Iran fired its most advanced multi-warhead ballistic missiles at central Israel on March 18, with AP footage confirming cluster munition release over Ramat Gan. Two civilians died. The same day, a projectile struck the Bushehr nuclear power plant complex. The war has entered its most dangerous technical escalation yet.
File image: Aerial bombardment scene. On March 18, 2026, Iranian Khorramshahr-4 missiles released cluster munitions over Ramat Gan, east of Tel Aviv. Two civilians were killed. (AP Photo/file)
The salvo came before dawn. Iran's Islamic Revolutionary Guard Corps announced it had fired Khorramshahr-4 and Qadr multiple-warhead ballistic missiles at central Israel - weapons specifically engineered to split into multiple independently targeted reentry vehicles and defeat layered missile defense systems. The IRGC framed the strike as direct revenge for Israel's killing of Ali Larijani, the head of Iran's Supreme National Security Council, the previous night.
Footage filmed by The Associated Press showed a missile releasing its cluster payload over Israeli territory. Israel's emergency medical service confirmed two people were killed in Ramat Gan, a dense residential city immediately east of Tel Aviv. Multiple others were wounded. The country's air defense reported at least two incoming salvoes.
Hours later, a separate projectile struck the grounds of Iran's Bushehr nuclear power plant on the Persian Gulf coast. The International Atomic Energy Agency confirmed the hit and said no radiation was released and no plant systems were damaged. But the proximity of active warfighting to an operational nuclear reactor - the only one in the Middle East - triggered immediate alarm from the IAEA's director-general.
Together, these two events mark the sharpest weapons escalation of the 19-day war between the United States, Israel, and Iran. The Khorramshahr-4 is not a standard ballistic missile. It is a countermeasure. And it worked.
BLACKWIRE infographic: Khorramshahr-4 specifications vs. Israeli multi-layer air defense. The MIRV warhead design is intended to overwhelm radar tracking and intercept capacity simultaneously.

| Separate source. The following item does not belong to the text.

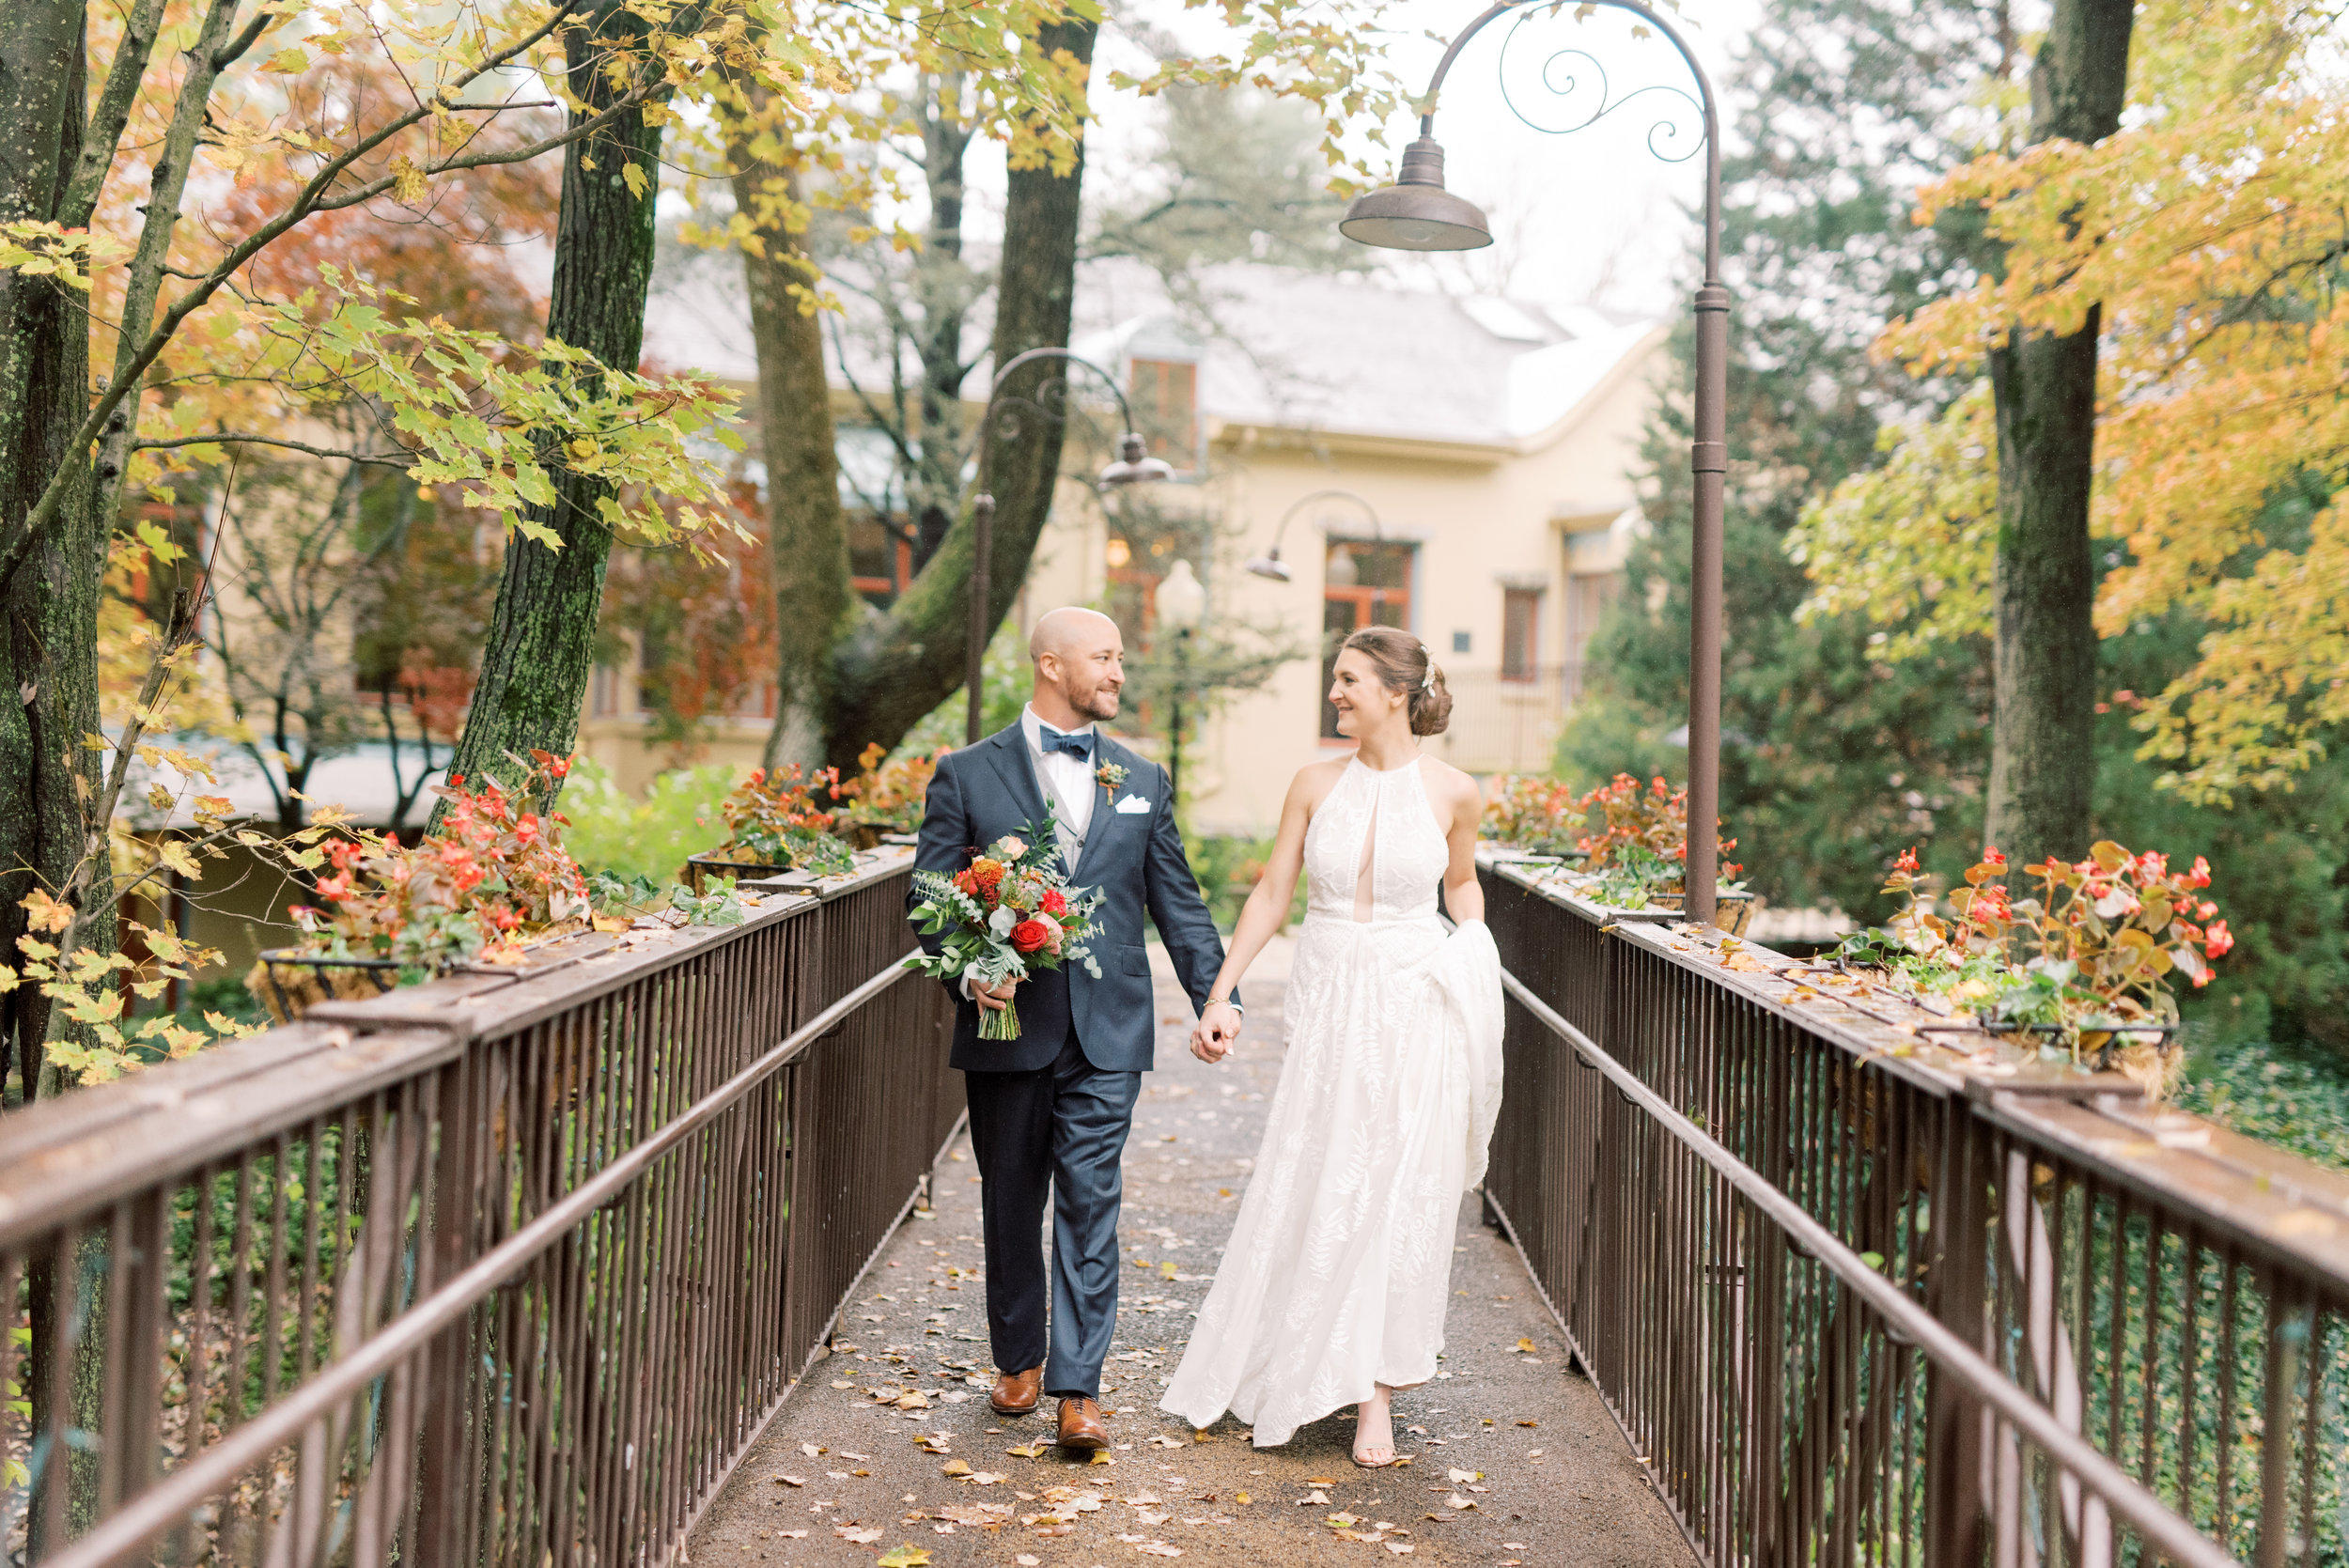 haley-richter-photography-october-pomme-wedding-in-radnor-053.jpg

The Khorramshahr-4 - also called the "Kheibar Shekan" or "fortress buster" in earlier variants - is Iran's most advanced domestically-produced ballistic missile. Its defining feature is the multiple independently targetable reentry vehicle, or MIRV, system. A single launch produces several warheads that separate and follow distinct trajectories to different targets or the same target from different angles.
The logic is simple and brutal: missile defense systems like Israel's Arrow-2, Arrow-3, and David's Sling can track and intercept incoming warheads at a rate limited by their radar and launcher capacity. A single missile with one warhead is a manageable problem. A single missile that becomes four or five warheads spreading across a wide area simultaneously is an entirely different calculus.
Iran unveiled the Khorramshahr-4 in 2022 as a strategic deterrent. Iranian military officials at the time claimed a range exceeding 2,000 kilometers, sufficient to reach any part of Israel from launch sites deep inside Iran. The missile's speed - estimated at Mach 6 or higher during terminal phase - gives defense systems less reaction time than slower cruise missiles or drones.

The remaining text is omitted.